DATASET SECTION:
--*--

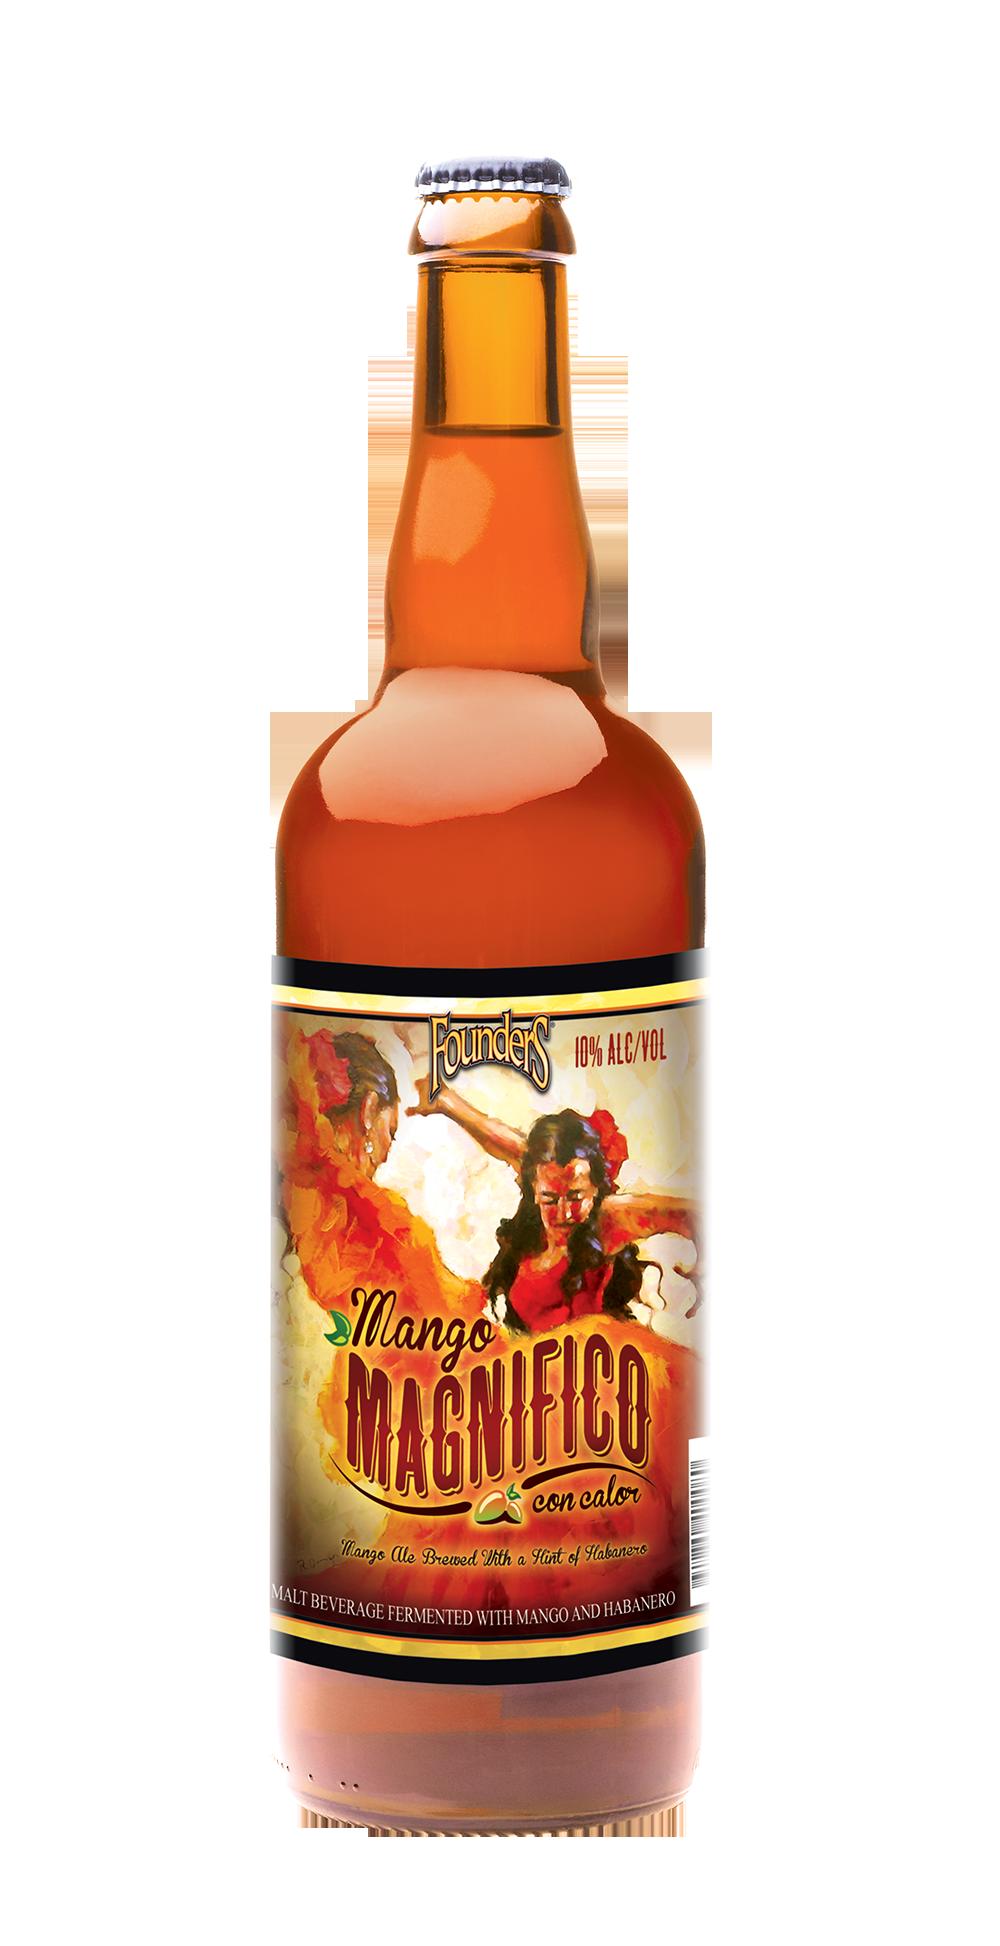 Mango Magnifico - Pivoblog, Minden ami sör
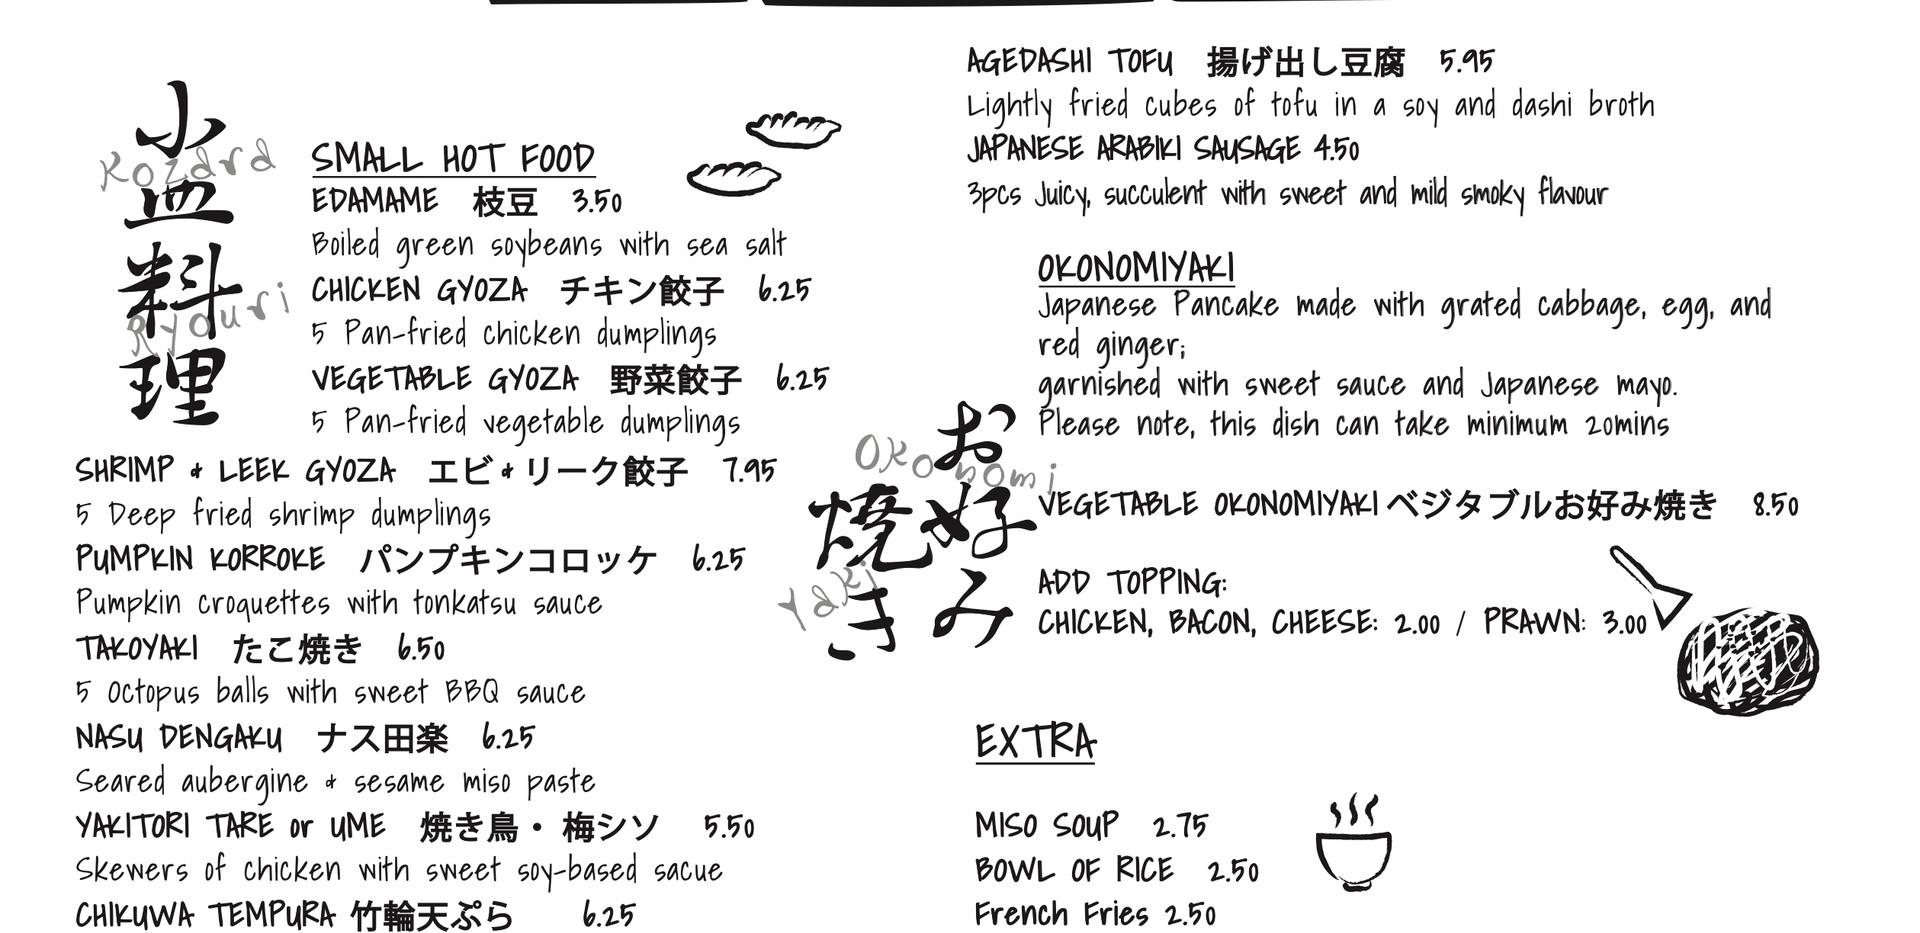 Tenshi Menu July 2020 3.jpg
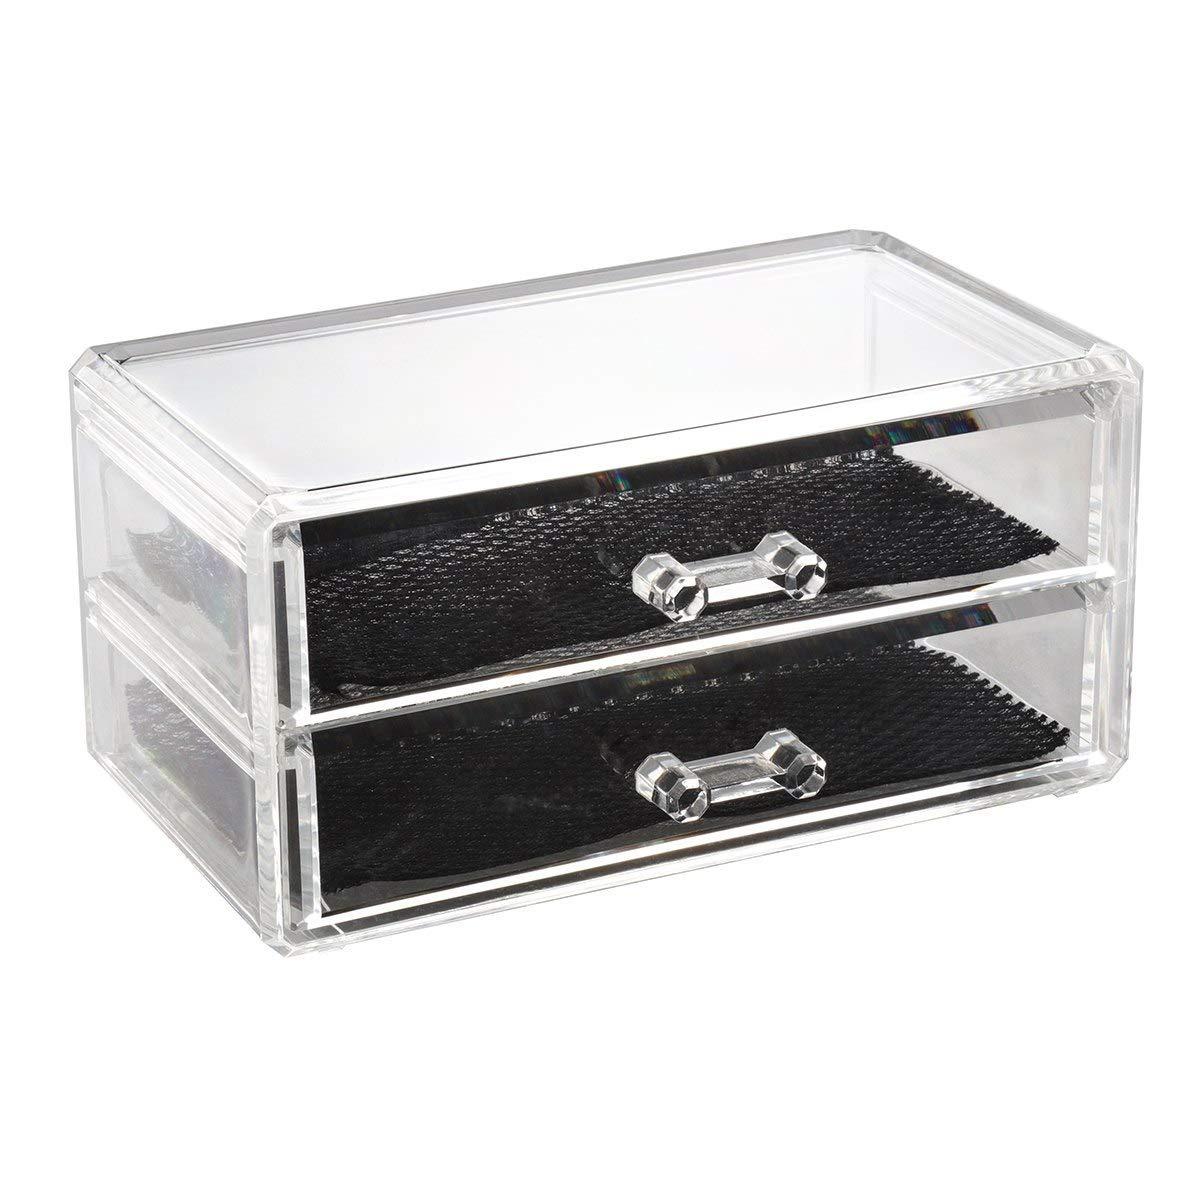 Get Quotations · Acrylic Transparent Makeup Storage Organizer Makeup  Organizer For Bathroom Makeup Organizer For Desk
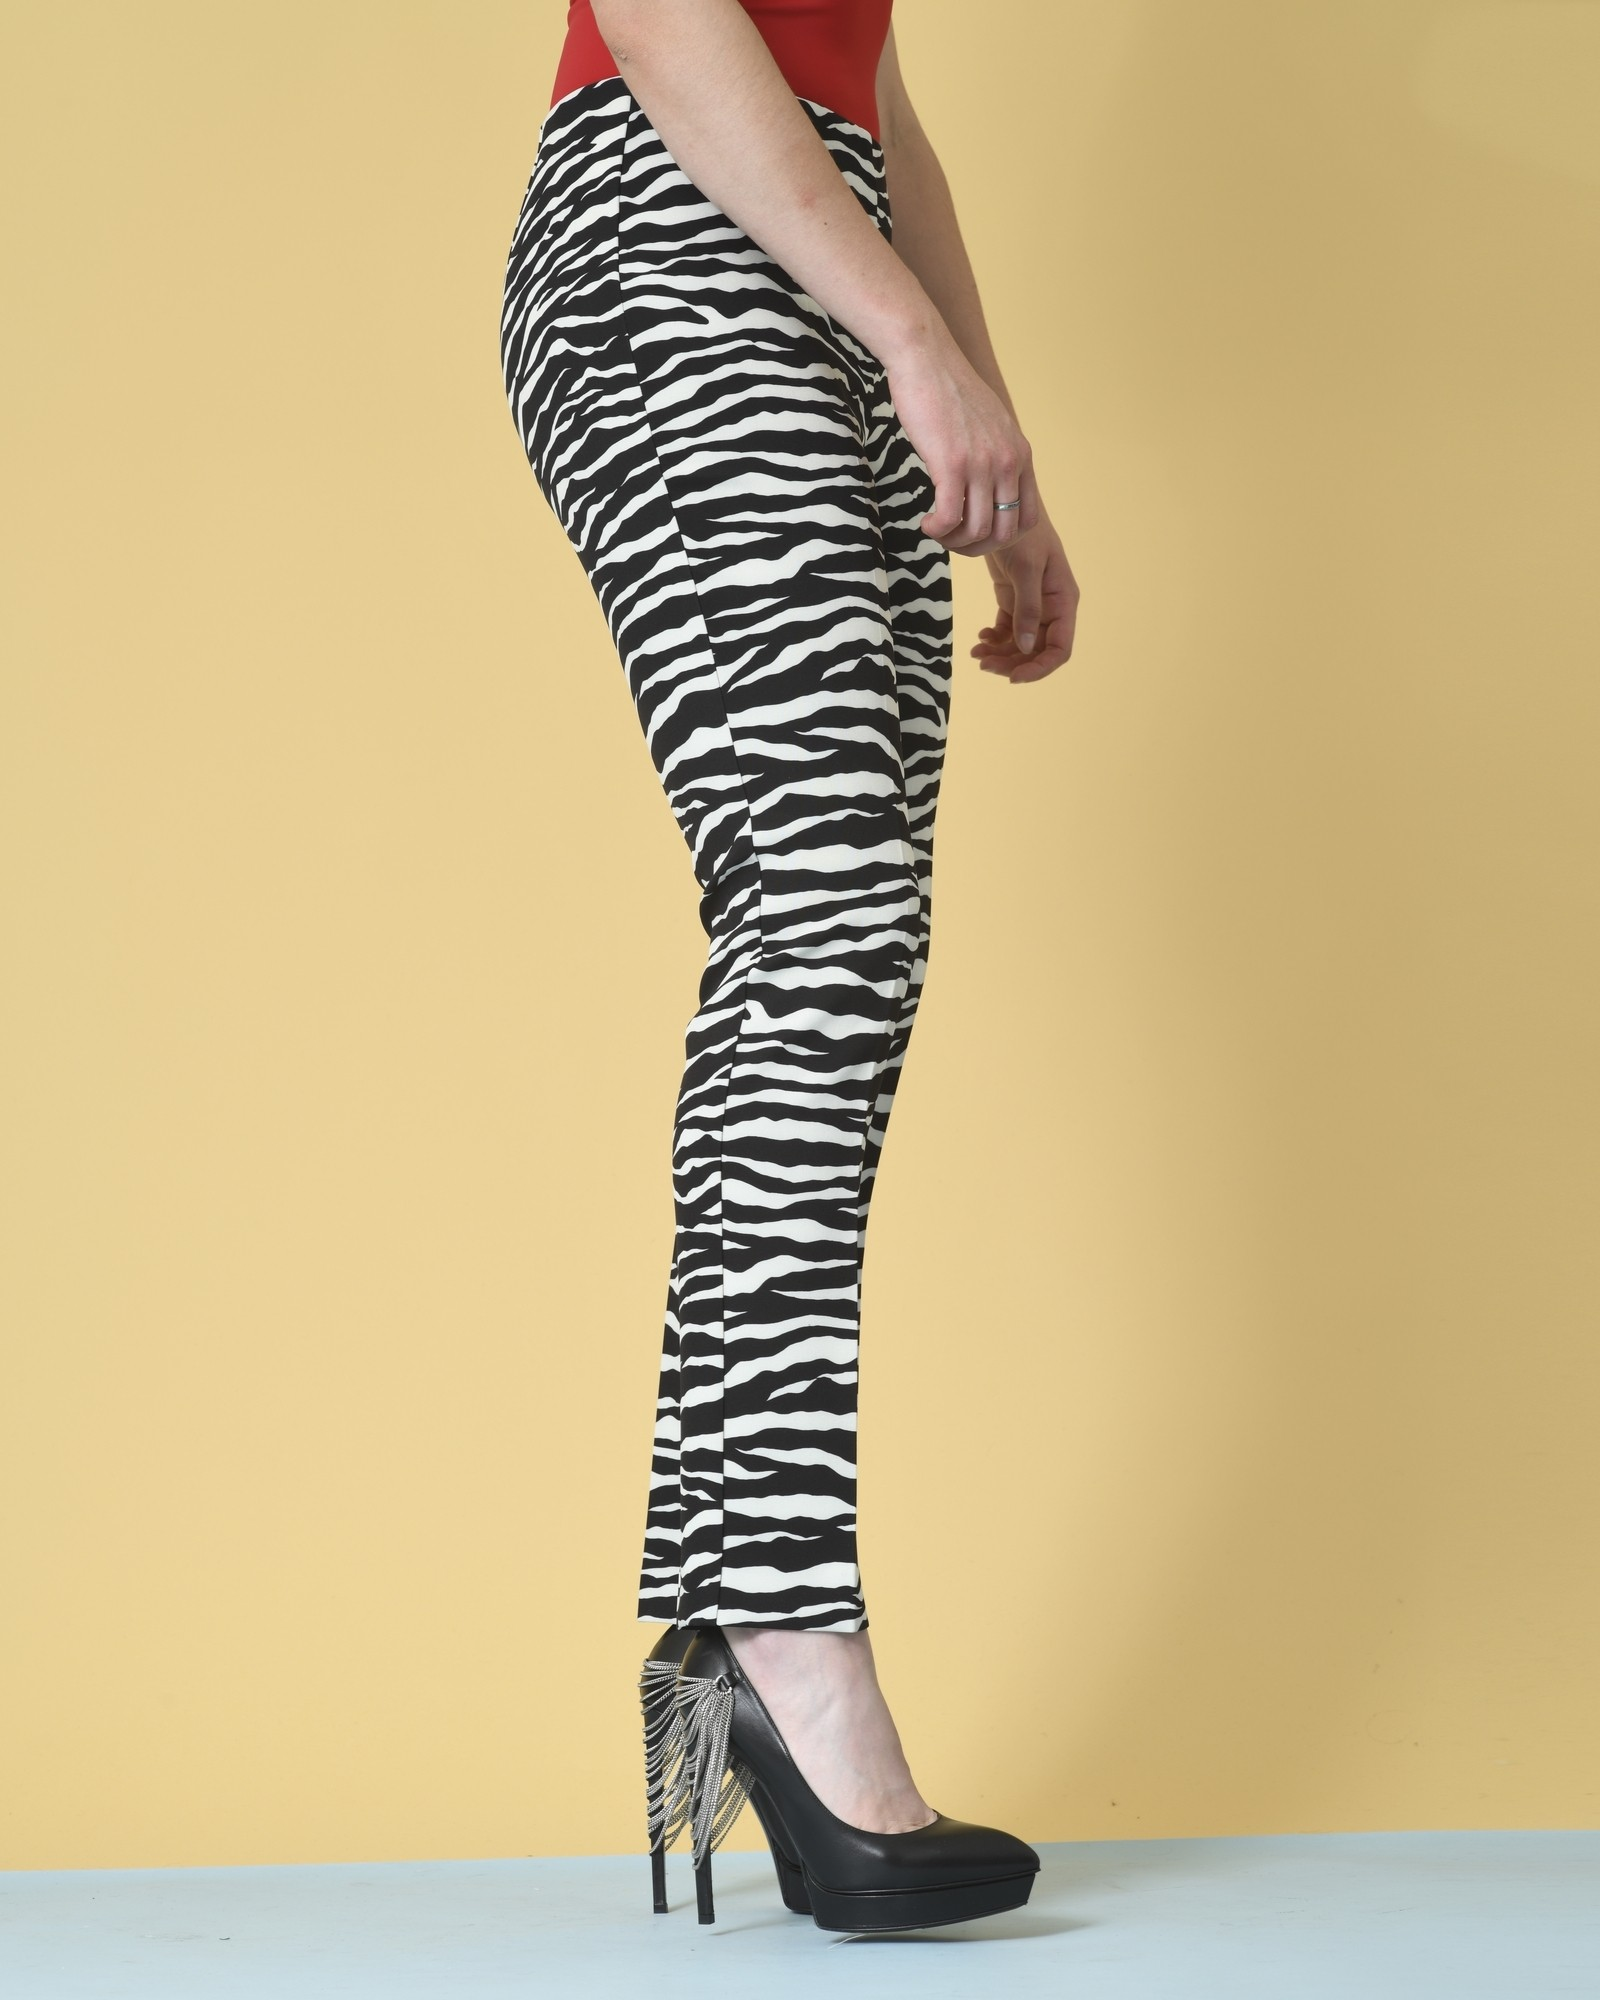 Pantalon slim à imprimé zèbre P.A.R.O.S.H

--*--

WORK TO COMPLETE: Repeat the material verbatim but without any of its pictures.

RESPONSE BELOW:
 Mango Magnifico - Pivoblog, Minden ami sör
 Tenshi Menu July 2020 3.jpg
 Get Quotations · Acrylic Transparent Makeup Storage Organizer Makeup  Organizer For Bathroom Makeup Organizer For Desk
 Pantalon slim à imprimé zèbre P.A.R.O.S.H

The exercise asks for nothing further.